The lower glass transition temperature of ZIF-UC-5 than TIF-4 was ascribed to the smaller van der Waals volume of chlorine compared to the methyl group.37,56,57 Hence, the dispersion forces in TIF-4 are stronger and more energy is required for the methyl groups to move past one another and for the glass to transition to a more liquid-like, mobile state.32,37 The particle size of these ZIFs may affect their ability to conduct heat and hence the temperature at which they undergo the glass transition. However, crystalline particle size alters significantly on transition to the liquid state, with the coalescence of many particles being a common observation.37 As such, it was not possible to infer the influence of particle size on the glass transition here. Overall, the results presented here suggest that the use of halogenated linkers may provide a promising strategy for lowering the melting and glass transition temperatures of MOFs.

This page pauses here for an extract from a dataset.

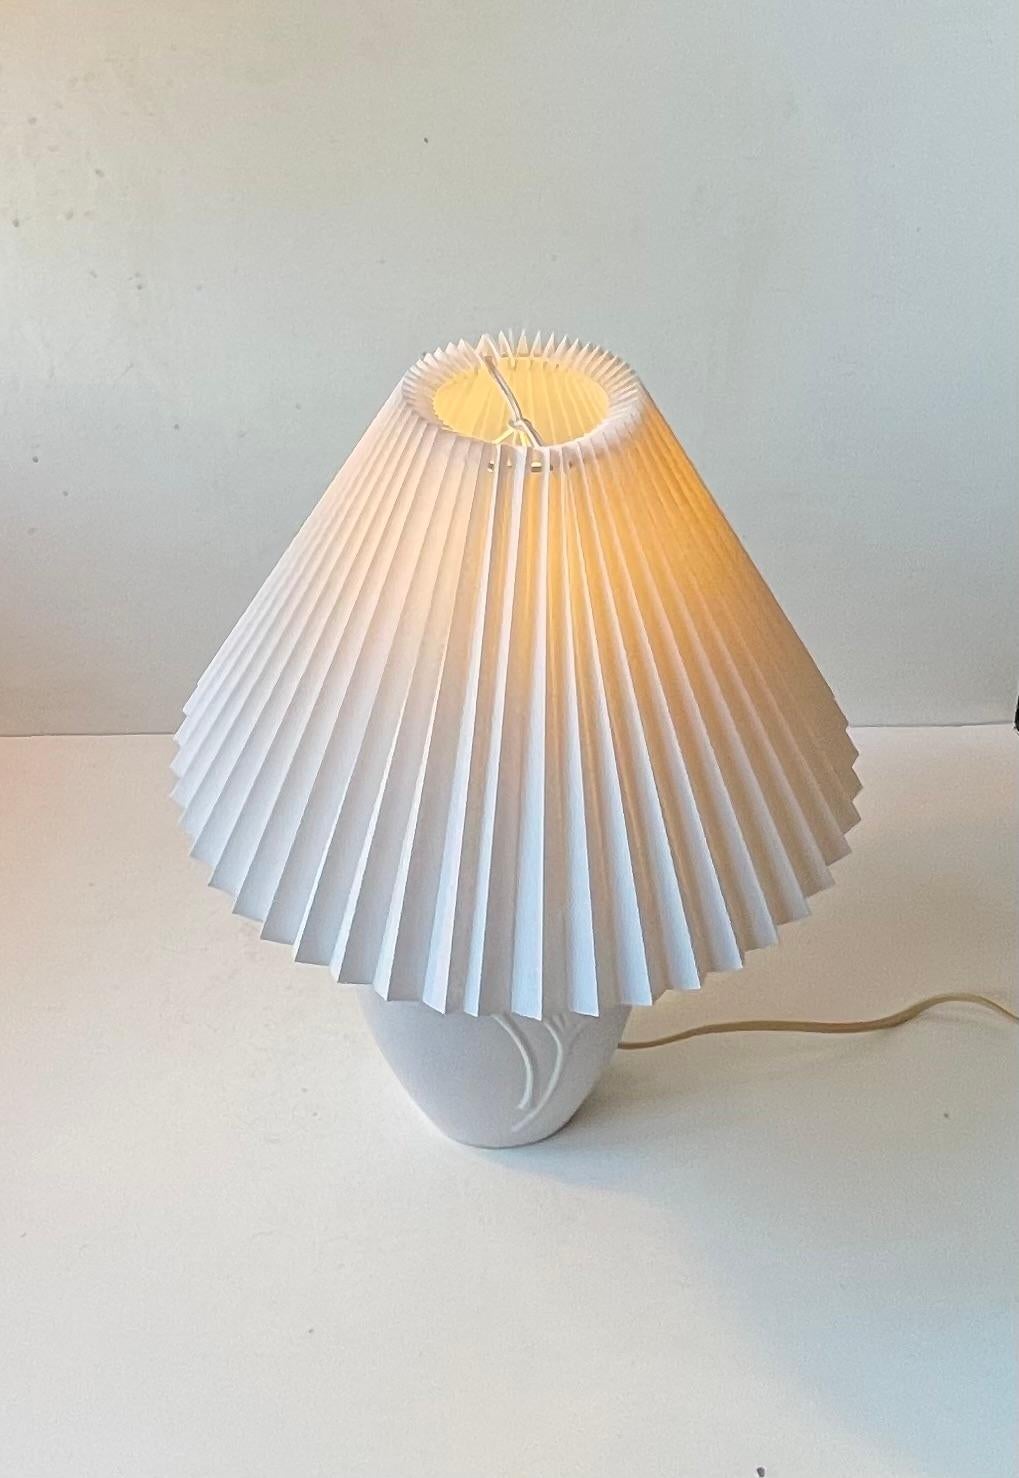 Danish Art Deco Revival White Ceramic Table Lamp from Søholm For Sale

The melting offset of TIF-4 [Zn(Im)1.8(mbIm)0.2] (440 °C) in this work is lower than that previously reported for TIF-4 [Zn(Im)1.5(mbIm)0.5] (467 °C).23 Additionally, the melting offset of ZIF-UC-5 [Zn(Im)1.8(ClbIm)0.2] (428 °C) observed here is lower than the offset previously observed for ZIF-UC-5 [Zn(Im)1.63(ClbIm)0.37] (ca. 462 °C).43 Henke et al. recently found the same phenomenon in a series of ZIF-62 MOFs of varying composition [Zn(Im)2−x(bIm)x]: reducing the content of bIm reduced the melting temperature of ZIF-62 by as much as 60 °C.35 This was rationalised by the smaller steric hindrance of the zinc tetrahedra when less benzimidazolate was present in the framework, thus assisting the dissociation and re-association of imidazolate linkers during melting.35 The results obtained here support their work and suggest that lowering the content of the more sterically bulky linker in mixed linker MOFs is a promising strategy for lowering the melting temperature.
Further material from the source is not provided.